Division of Respiratory Medicine, University of Calgary, Calgary, AB, T1Y 6J4 Canada.
Am J Respir Crit Care Med. 2010 Apr 15;181(8):832-7. doi: 10.1164/rccm.200906-0959OC. Epub 2010 Jan 7.
Idiopathic pulmonary fibrosis (IPF) and other idiopathic interstitial pneumonias (IIPs) have similar clinical and radiographic features, but their histopathology, response to therapy, and natural history differ. A surgical lung biopsy is often required to distinguish between these entities.
We sought to determine if clinical variables could predict a histopathologic diagnosis of IPF in patients without honeycomb change on high-resolution computed tomography (HRCT).
Data from 97 patients with biopsy-proven IPF and 38 patients with other IIPs were examined. Logistic regression models were built to identify the clinical variables that predict histopathologic diagnosis of IPF.

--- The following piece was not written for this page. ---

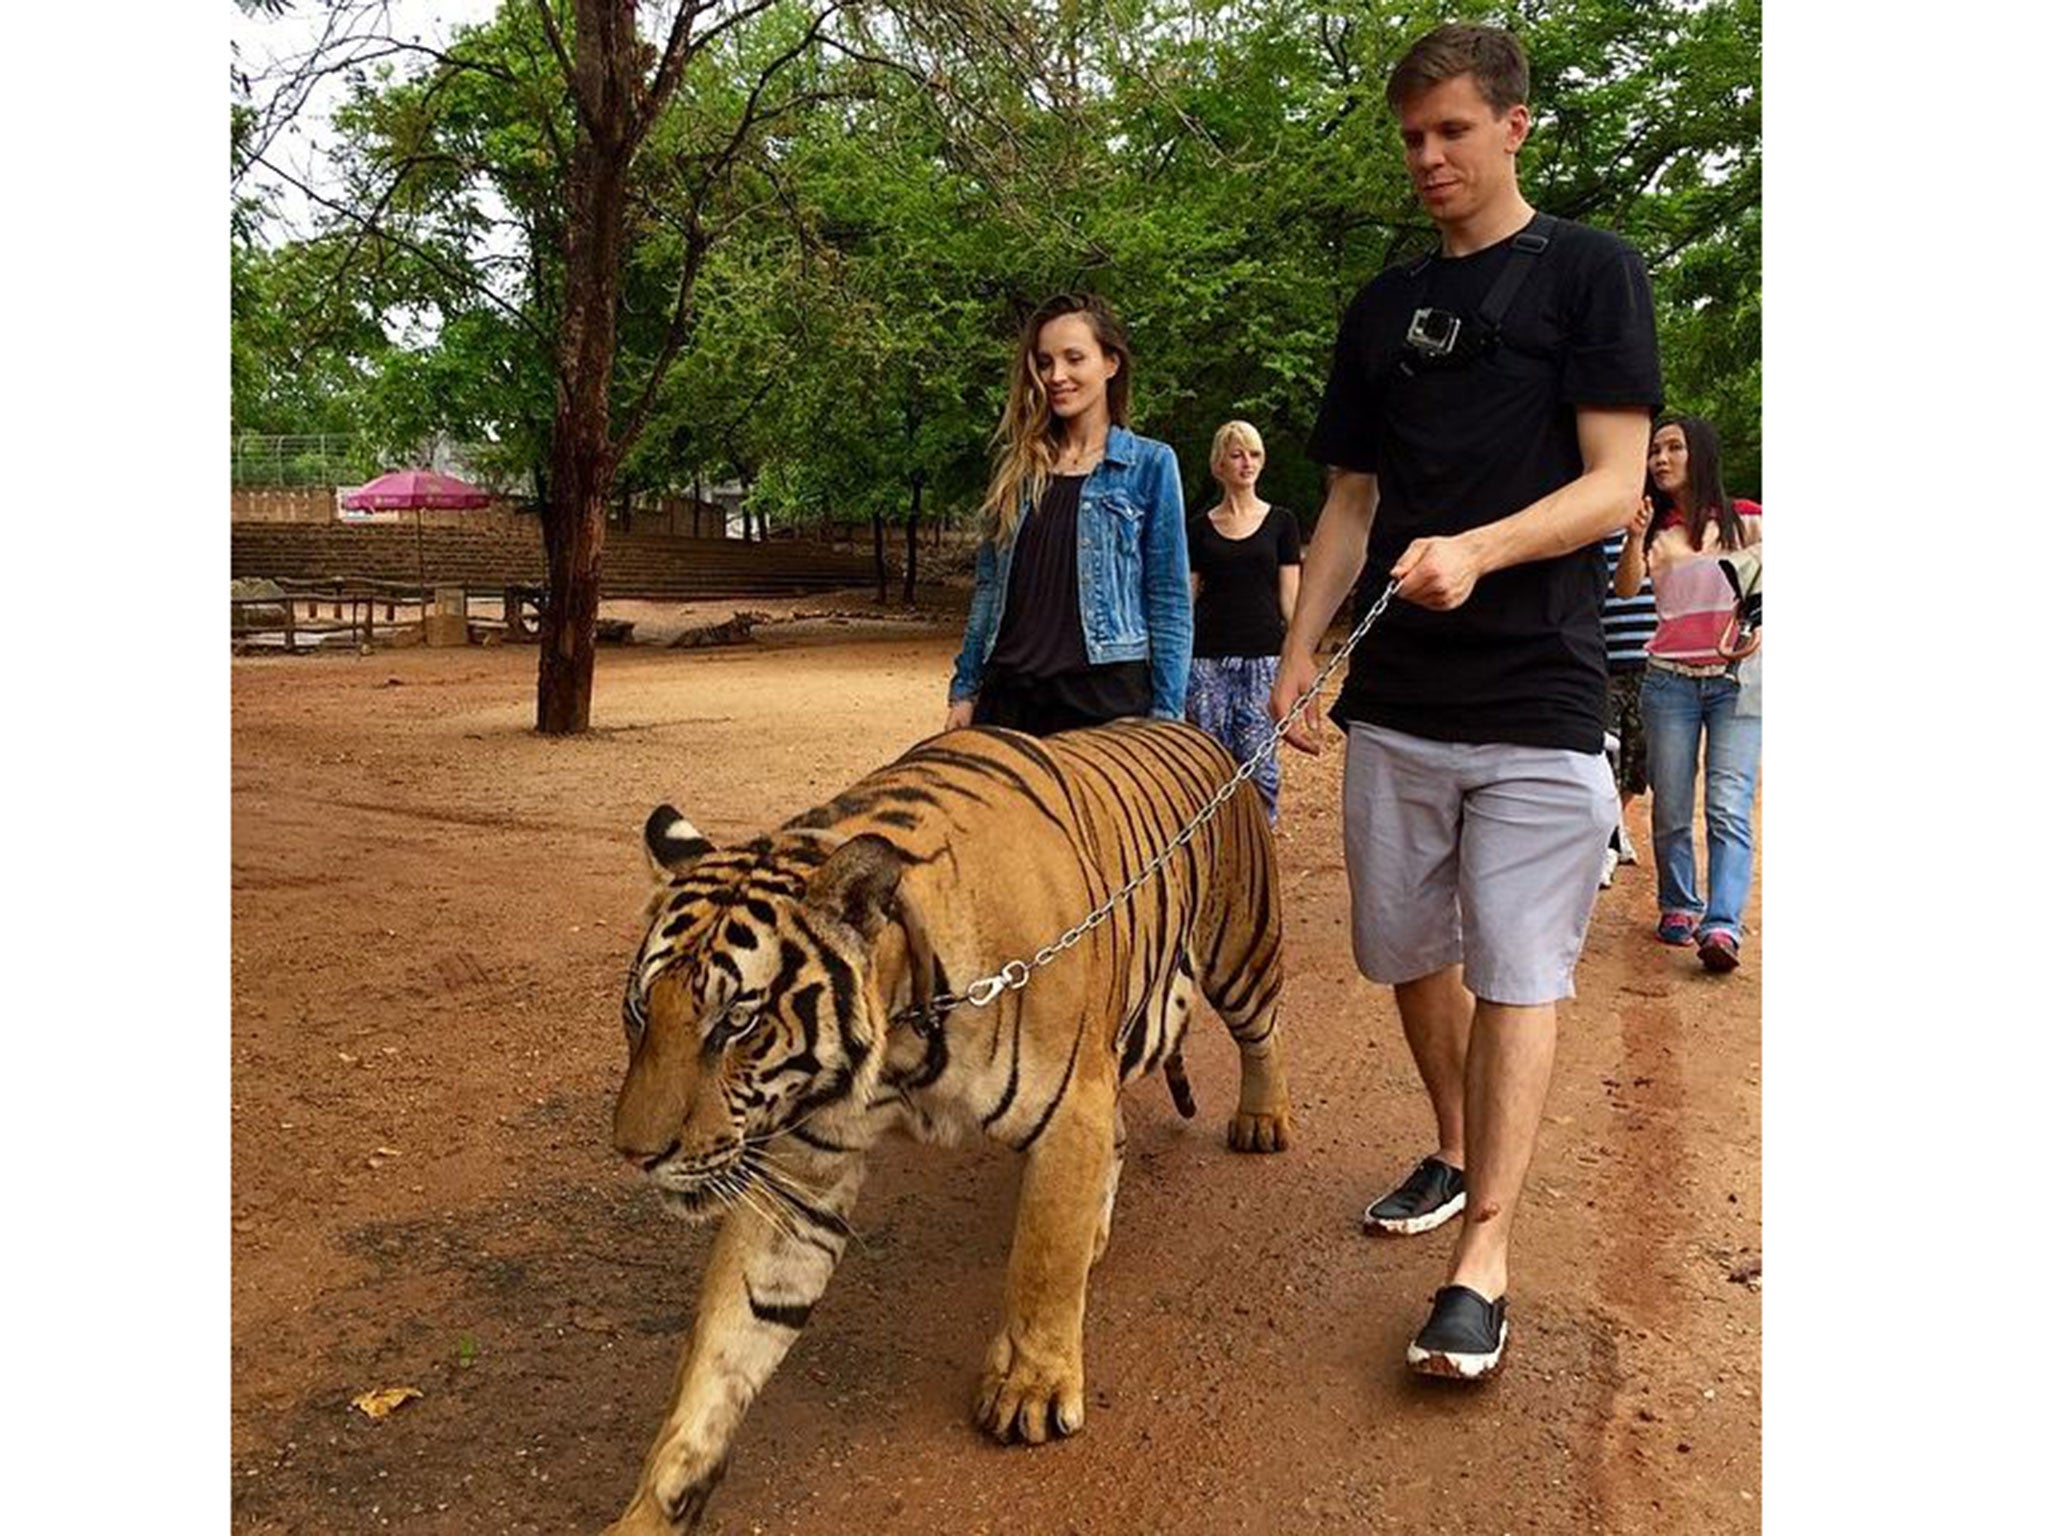 Wojciech Szczesny walks a tiger while on holiday

Increasing age and average total HRCT interstitial score on HRCT scan of the chest may predict a biopsy confirmation of IPF. Sex, pulmonary function, presence of desaturation, or distance walked during a 6-minute walk test did not help discriminate pulmonary fibrosis from other IIPs.
Clinical data may be used to predict a diagnosis of IPF over other IIPs. Validation of these data with a prospective study is needed.
特发性肺纤维化(IPF)和其他特发性间质性肺炎(IIP)具有相似的临床和影像学特征,但它们的组织病理学、对治疗的反应和自然病史不同。通常需要进行外科肺活检来区分这些实体。
我们试图确定在高分辨率计算机断层扫描(HRCT)无蜂窝改变的情况下,临床变量是否可以预测 IPF 的组织病理学诊断。
检查了 97 例经活检证实的 IPF 患者和 38 例其他 IIP 患者的数据。建立逻辑回归模型以确定预测 IPF 组织病理学诊断的临床变量。
年龄的增加和胸部 HRCT 扫描的平均总 HRCT 间质评分可能预测活检证实的 IPF。性别、肺功能、低氧血症的存在或 6 分钟步行试验中的行走距离并不能帮助区分肺纤维化与其他 IIP。
临床数据可用于预测 IPF 相对于其他 IIP 的诊断。需要前瞻性研究验证这些数据。